Mes Défilés ont toujours eu une dimension sociale très forte, et je suis toujours allée chercher des publics « éloignés » des projets participatifs, et de l’univers de la danse contemporaine. Je me souviens d’avoir compris que réussir à réunir les publics les plus défavorisés demande d’aller les chercher un par un, de rencontrer chacun et chacune, et surtout les rencontrer là où ils sont, dans les centres sociaux, les comités de quartiers, des petits groupes.
Les années passant, de plus en plus de gens s’inscrivaient spontanément au Défilé, et de plus en plus de personnes l’ayant déjà vécu, ou déjà familières de l’univers de la danse. Une culture du Défilé commençait çà se créer. On a donc intégré dans les groupes des gens d’horizons plus privilégiés. Et, dans un même groupe, on pouvait retrouver un réfugié côtoyant un élève du Conservatoire de Lyon.

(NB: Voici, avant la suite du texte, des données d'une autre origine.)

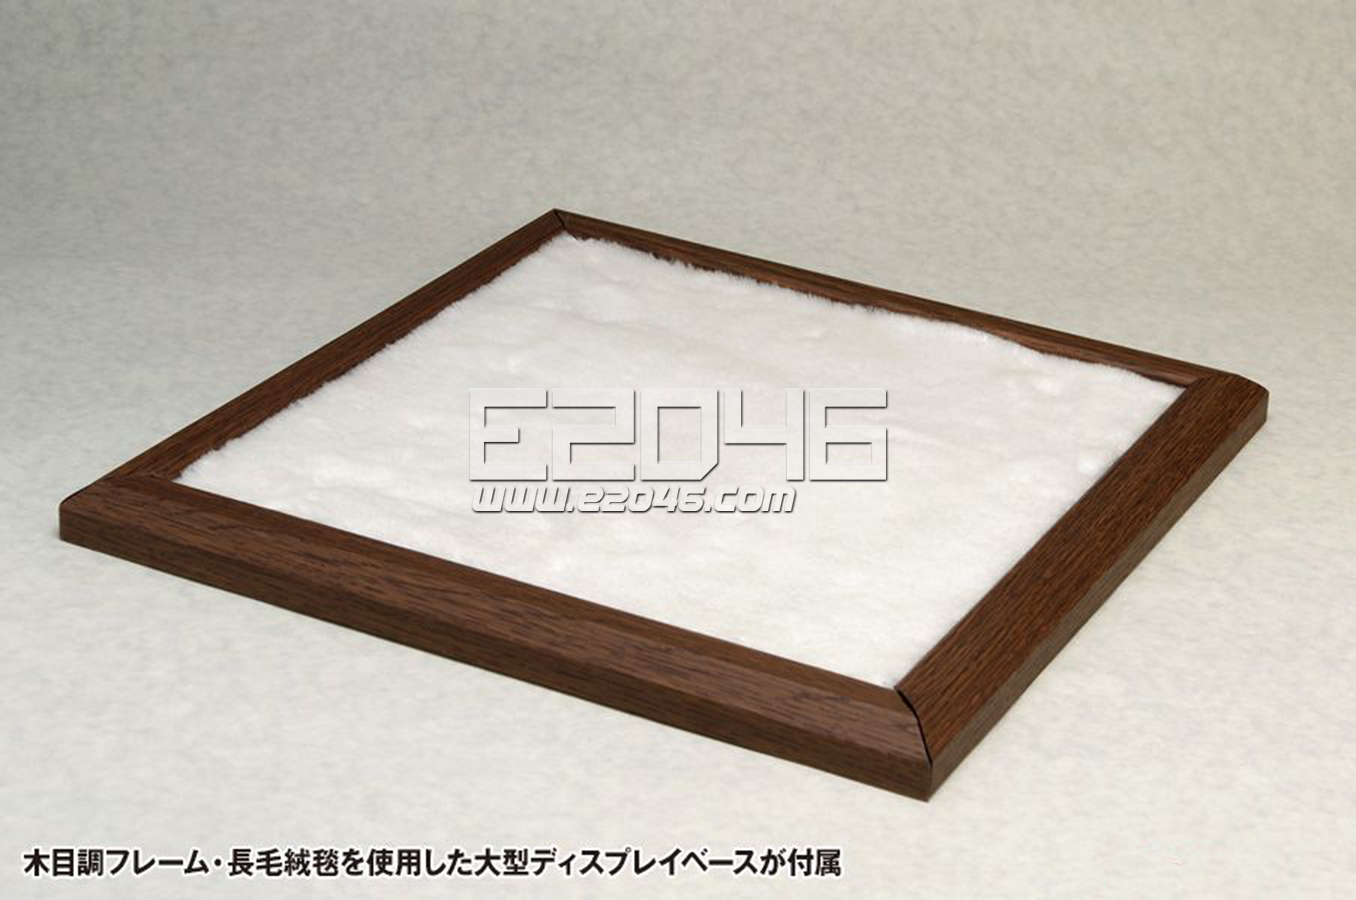 Fate/stay night One-piece Style Premium Set (PVC)

Cela a généré une mixité des publics, fondamentale, car elle provoque des perméabilités entre les milieux sociaux et vient ouvrir des horizons pour tout le monde. Il ne s’agit pas seulement d’offrir la culture aux publics qui en sont éloignés, mais aussi, pour les autres, de se rendre compte de leurs privilèges, et de ne plus regarder ou percevoir une personne réfugiée comme « étrangère », différente, incompétente, inquiétante… ou je ne sais quoi. Le projet artistique permet de découvrir des personnes et des mondes, que l’on n’aurait jamais rencontrés autrement. De faire tomber nos idées reçues, les stéréotypes, sur des êtres, des milieux, des lieux. Et cela participe à la transformation du monde, c’est sûr et certain.
C’est cela, pour moi, la culture : ce qui fait qu’à un moment donné, mon esprit s’est ouvert, et que des cloisonnements d’ordre culturel ont été repoussés, déconstruits, bousculés. Et que ce soit pour les publics défavorisés ou privilégiés, c’est le même enjeu : dans ma tête, viennent de s’ouvrir des possibles qui seraient restés fermés ou inatteignables sans cela.